The pictures here from the late 1930s, when he was ill, are broader and simpler, the strong, curved lines are heavier – patterns of short marks on pale backgrounds. They still show things – an imaginary alphabet, a face, a landscape – but you read them first as strong patterns of line segments. A decade later, these fields of marks would seem to have prefigured what was happening in New York abstract painting.

From the time he was appointed to the staff of the Bauhaus in 1921, Klee wrote and thought a lot about the nature of art and how it might be taught, and in his catalogue essay Robert Kudielka turns to the writings for explanations. In hers, Bridget Riley tells how they have informed her own thinking about abstract painting. Yet despite its aphoristic power (the expression ‘taking a line for a walk’ suggests so much about drawing that a full gloss could fill volumes), it is hard to extract a coherent theory of art from Klee’s writing. To look at his different kinds of drawing, on the other hand, is not confusing at all. First because common scale and materials suggest that a single enterprise, a coherent investigation is under way.

Here I must declare an interest – I designed the catalogue of the exhibition. Going through the illustrations I had to take instruction on what to show. Should the mount, the neat black rule below (and often above) the picture and the date and title be included? When (as is usually the case) they are Klee’s own way of presenting his work it is now agreed that they should be. The effect is interesting. It is as if he was offering up his work as evidence – like the sheets of specimens in a herbarium or photographs in a criminal trial.
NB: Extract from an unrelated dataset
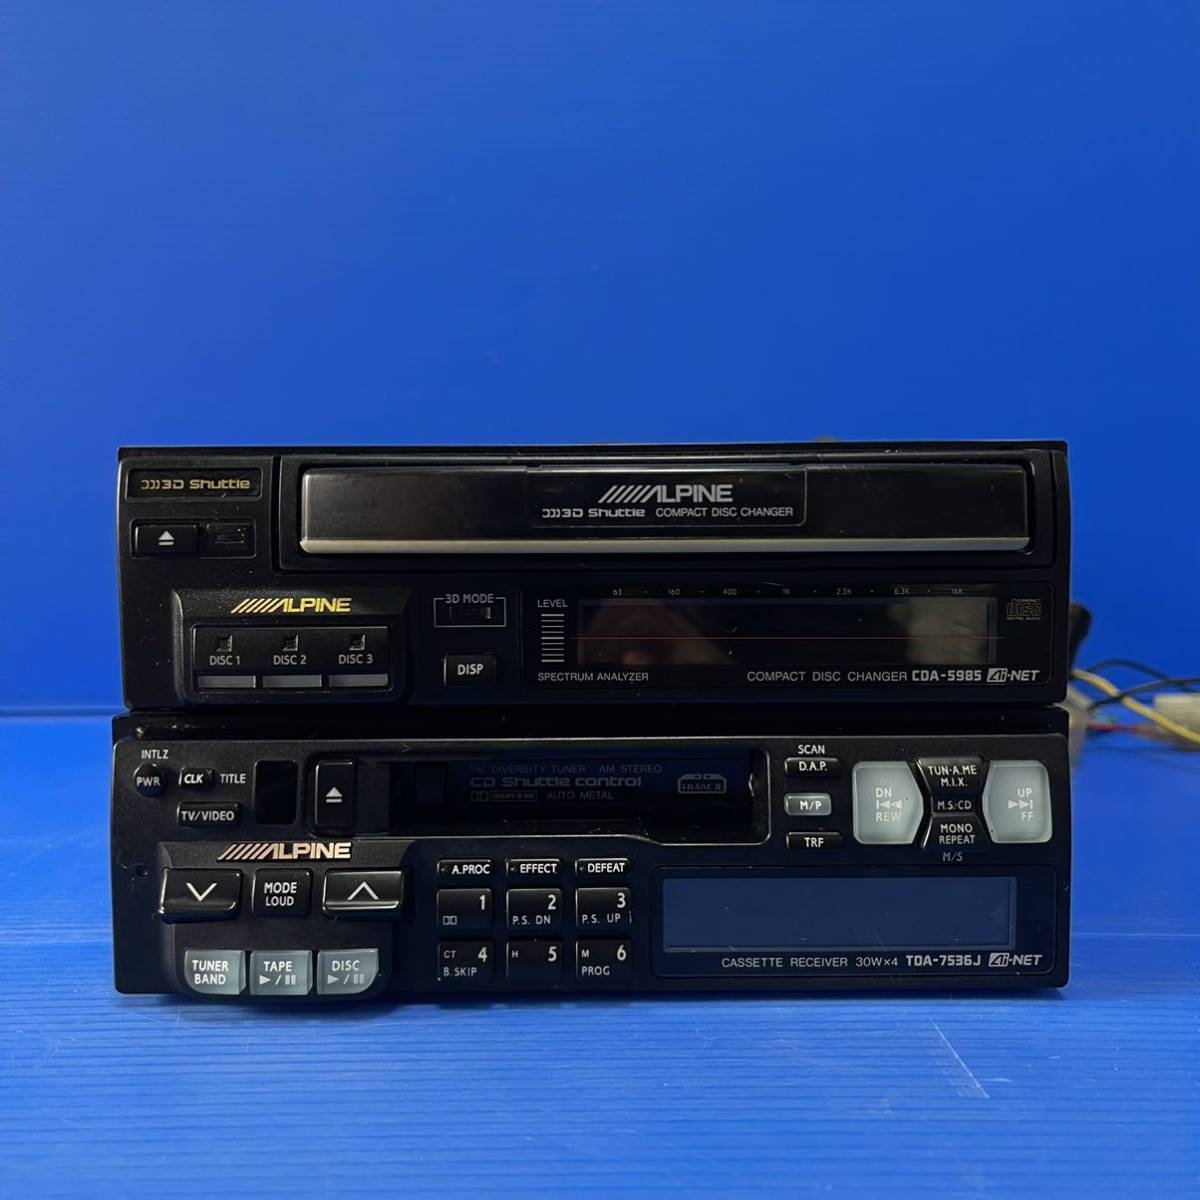 ALPINE TDA 7536J/ CDA-5985 / equalizer / Alpine / old car / Vintage / Old / graphic equalizer cassette CD player antique period thing

Although this is not a list-maker’s work like, say, Claude’s Liber Veritatis, in which he made drawings of all his paintings (these are, after all, the works themselves), Klee’s labelling and mounting adds to the feeling that each is part of a campaign, an exploration of what graphic moves are possible in the post-Post-Impressionist world.

The pictures are also united by an elusive, but distinct, personality. The etchings of 1904-05 – like the Aged Phoenix and the Winged Hero – are sinister in a way which is only partly explained by the fact that Klee had recently seen work by Beardsley, Goya and Blake. Even in his later work, when a human presence enters it is either grotesque, so schematic as to be without mood, or troubled. His output is united by a particular feeling for what is decorative – which is why analogies with embroidery, inlaid wood, copy books, lace and stained glass come easily. He is willing to let a pattern spread over a surface, to make pictures which are not, in the classical sense, compositions – which do not, that is to say, lead the eye firmly and suggest tensions which the image resolves or sustains. Yet there is enough, even in the less obviously disturbed images, of the sense that something is out of order, that the world is odder than we have been willing to notice. It saves Klee from the chill which can settle easily over an Apollonian abstraction of form and equilibrium.